Friday , August 19 2022

Contact lenses act like a sick eye sauce


Contact lenses like eye dressing: It is a discovery to cure eye lesions. Developed by Australian researchers, this lens has cells from the donor's eye tissue that can treat the surface of the eyes of those who use it.

Cells from donor and human larynx

Researchers at the Queensland Eye Institute use cells called mesenchymal cells (L-MSC) from a third party. These cells are placed across the eye using a special type of contact lens called the scleral lens. In terms of donor cell harvesting, Professor and author of the study, Damian Harkin, states that these are "easily accessible from tissues that are usually erased after systematic corneal transplants".

The lens will also consist of the amniotic membrane taken directly from the human placenta. It helps fight inflammation and promote healing. "Based on preliminary data, we believe donor cells release a variety of wound healing factors that promote correction of the eye's surface," says Damian Harkin.

Lenses with therapeutic properties

"This therapeutic lens will treat patients with" chronic conditions such as corneal ulcers and persistent internal impairments that have not responded to conventional therapies, "said Damien Harkin. In addition, the new treatment may be able to treat acute ocular lesions resulting from exposure to caustic chemicals, hot liquids, or excessive heat.

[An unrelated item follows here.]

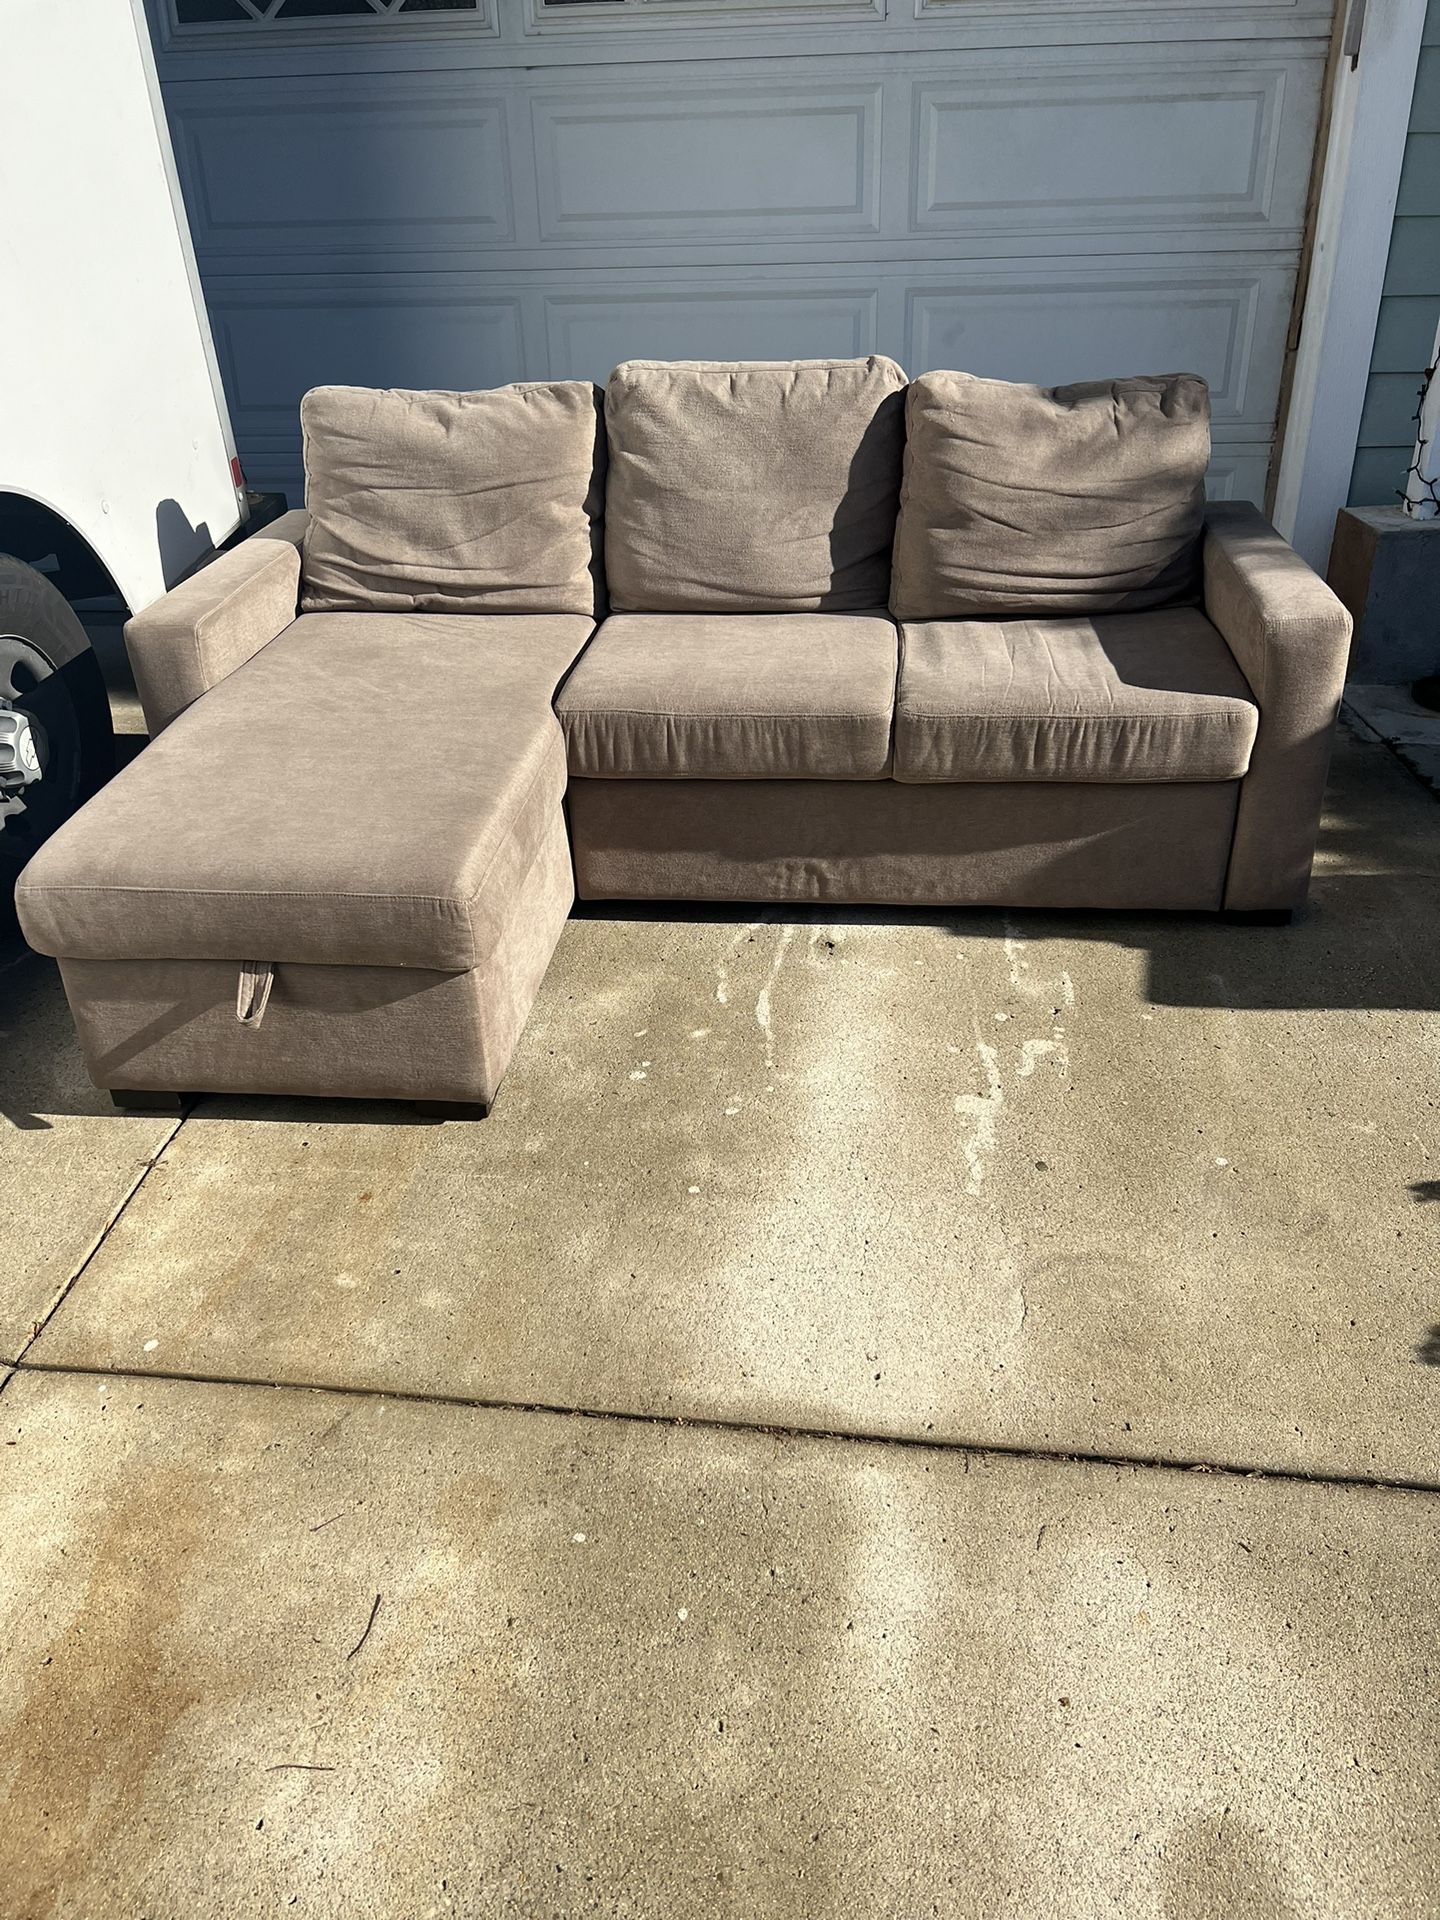 SECTIONAL COUCH + DELIVERY (small Fee)

The problem, at present, lies in the amniotic membrane in which there are varying characteristics and are between donor tissue samples. This membrane is now imported from New Zealand, which delays treatment and increases its cost. "We suggest that a well-characterized bank tested for L-MSC donor cells will be a more reliable and cost-effective source of growth factors to repair the eye quickly," says Harkin.

Discovery to clinically confirm

Meanwhile, this lens is not commercialized. Clinical trials should be carried out to confirm its therapeutic merits and make it available to patients. However, Professor Damien Harkin is confident and hopes that this treatment will be available to patients in the coming years.